Moving from a small rental to a sprawling house poses another psychological challenge: scale. Going from a modest and maybe even crowded place to a home with a lot more square footage can be overwhelming. Going from a small space you didn’t have a stake into a more permanent place that requires a lot more stuff can be overwhelming.

Instead of trying to come up with a comprehensive plan (and budget) to furnish and decorate the entire new space, take it room by room:

  • Start with the rooms you will use immediately and all the time: the primary bedroom, the kitchen, bathroom, and living room. Narrowing down your decisions to a specific room at a time will make the whole process more psychologically and financially manageable.

  • You can create a sense of cohesion by using the same “pop” color in each space and repeating decorative elements like vases or other decorative objects. Wall art that’s part of a series, for example, can link rooms even if you’re approaching them individually.

  • Once you have the main rooms set up, you can tackle the remaining rooms one at a time.
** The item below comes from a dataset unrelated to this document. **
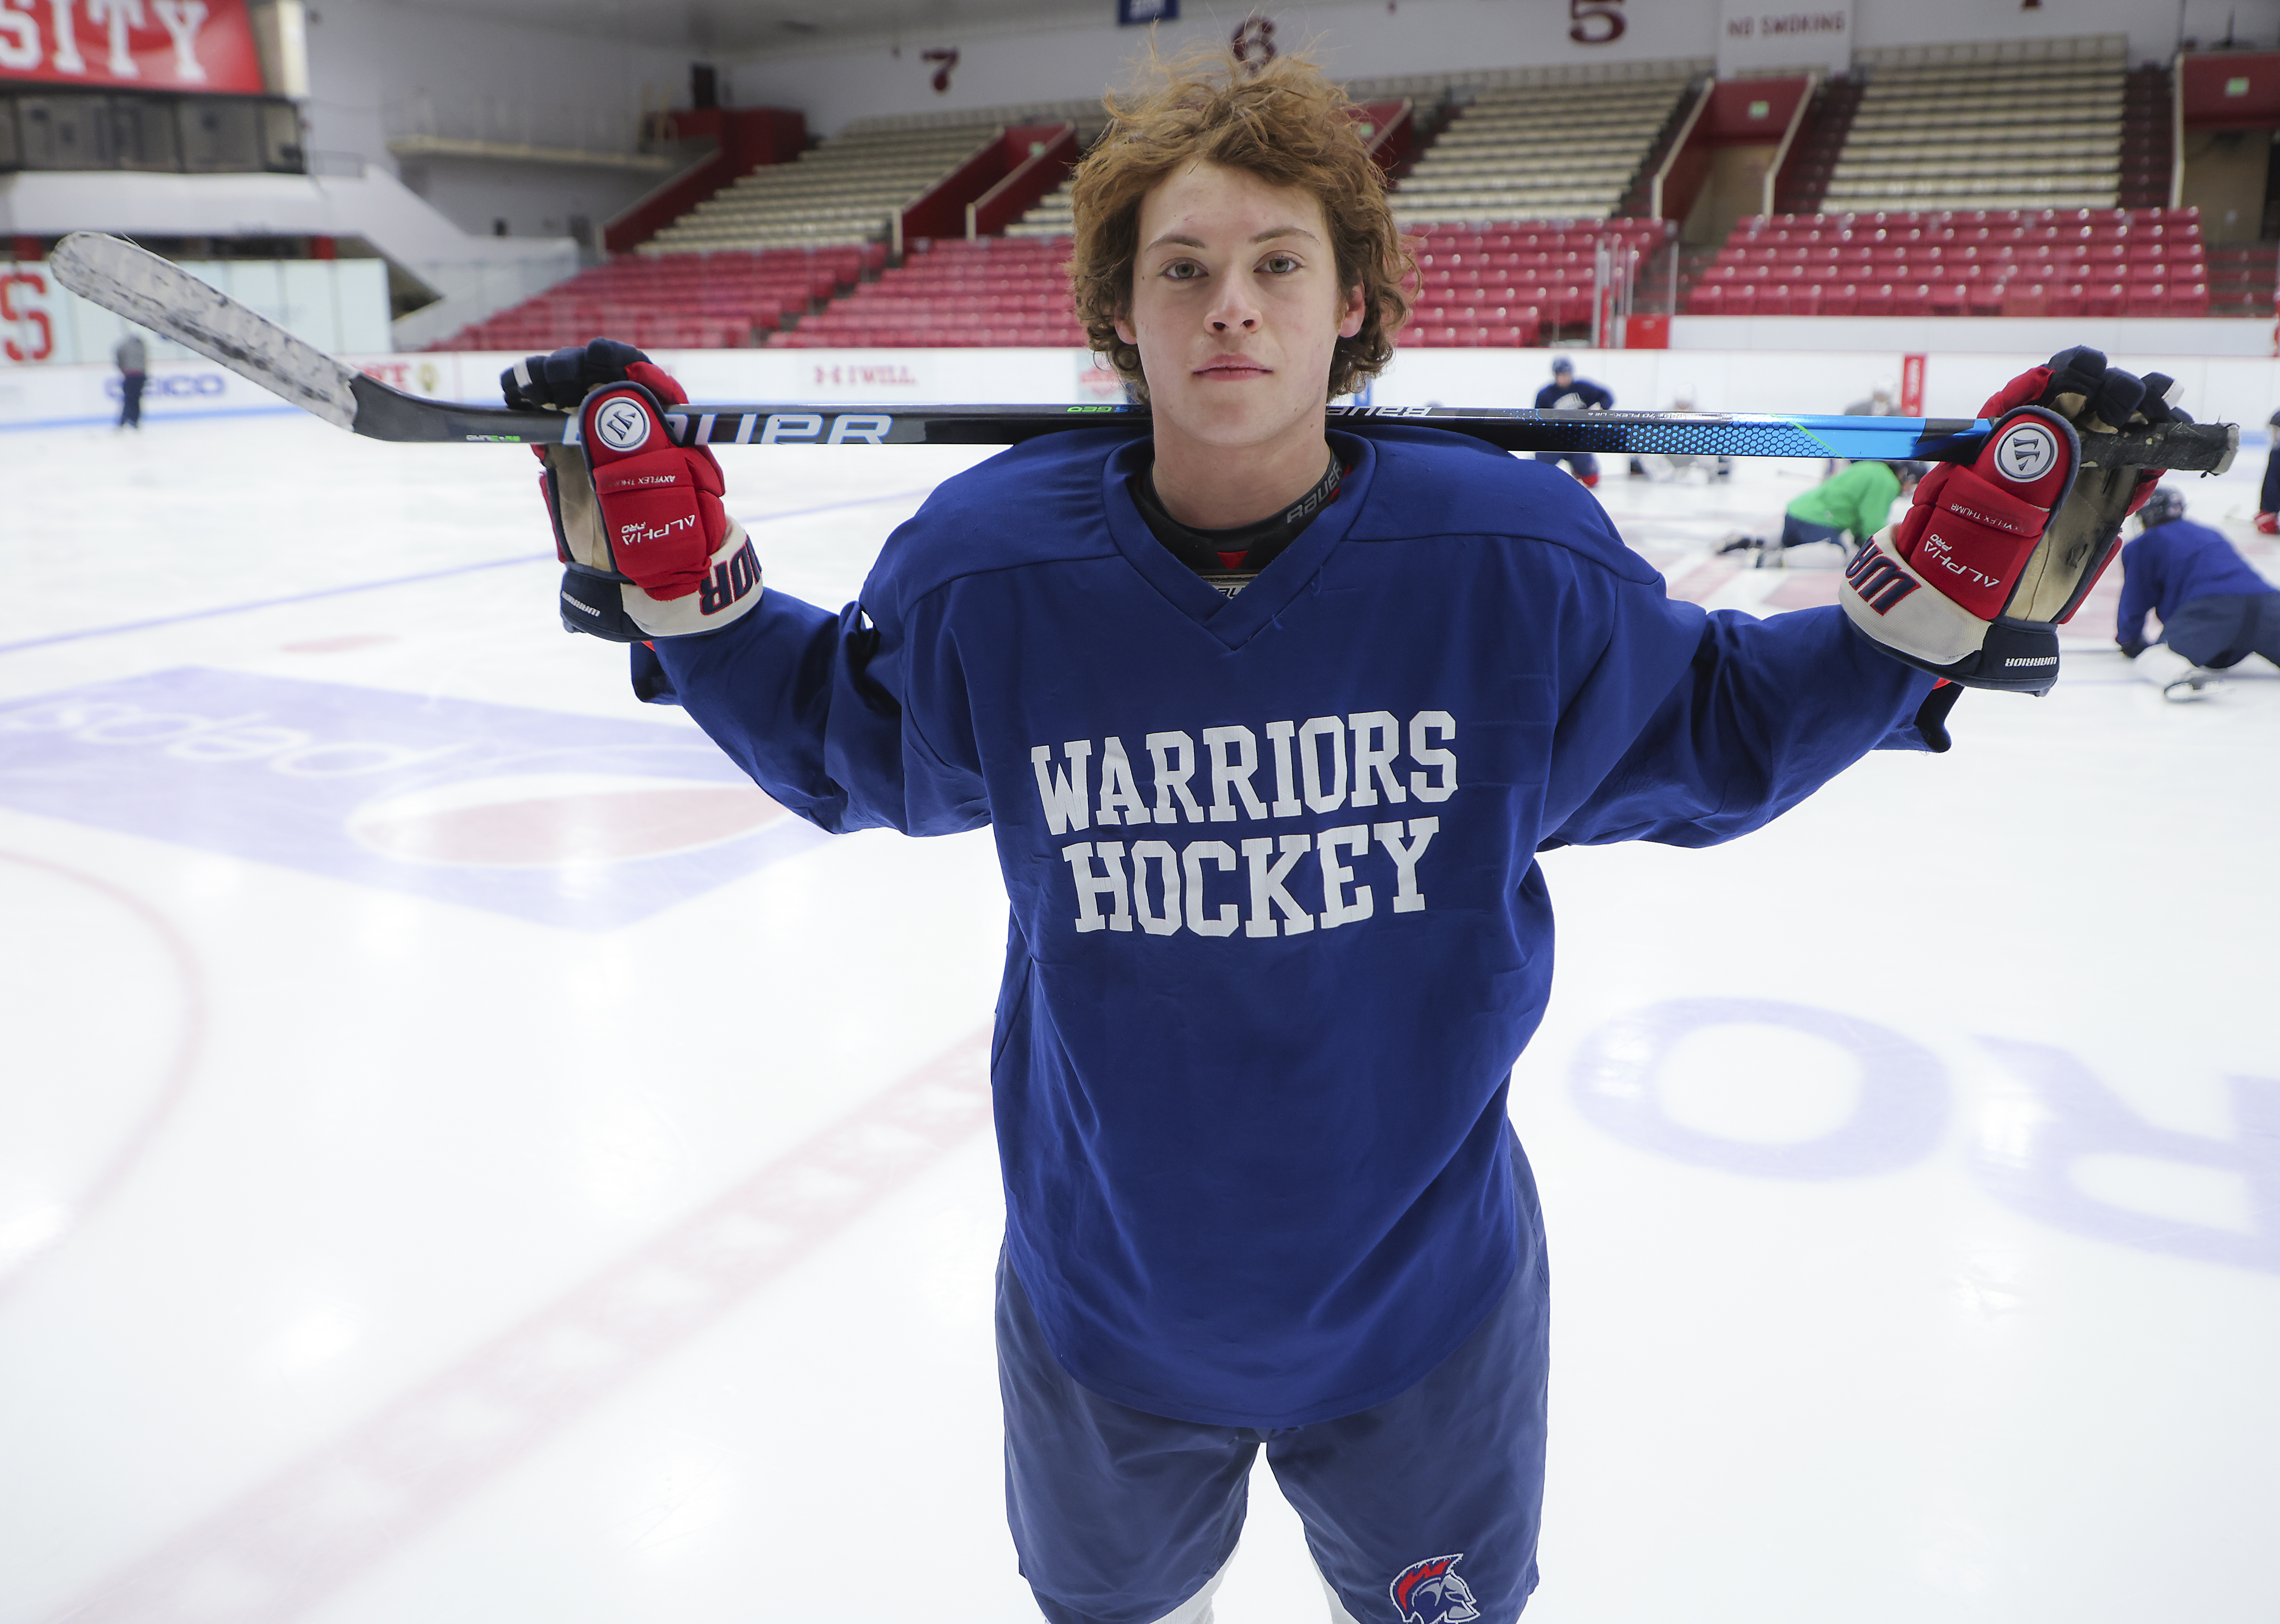 Brookline senior captain Jacob Gurdin delivers a meaningful assist to the Travis Roy Foundation

Another reason this works is the fact that small apartments often require you to make rooms multi-functional, but houses often have dedicated spaces—dining rooms, offices, living rooms, etc. If you’re going from a space where one room was your office, living room, and exercise space, taking each room individually will help you envision what your ideal version of that space would be instead of what you can fit or what can easily be stashed out of sight.

Embrace space

In smaller rental spaces, we often make decisions around furniture that solve apartment-related problems, like a lack of a guest bedroom (resulting in a heavy, bulky sleeper sofa) or a lack of useful storage (resulting in buying everything with extra storage space, like an Admiral bed). But a house may not present those same challenges, so it’s time to ask yourself if that sleeper sofa or other storage piece still makes sense.

The size of the rooms also has to be taken into consideration. In an apartment, for example, cramming a couch and a coffee table into a room is all it takes to make a living room, but a larger room in a house might feel empty, requiring more thought about how you’re going to use the room. Will it mainly be a viewing experience, with lots of comfortable seating arranged in front of a screen? Or do you want to foster more of a conversation space, with seating facing each other? Or, if you have the space, will it be both?

Finally, a house with more space can benefit from larger “statement”-type pieces of furniture—oversized furniture, or large artwork on the walls. Remind yourself that you can go big and go home in a house.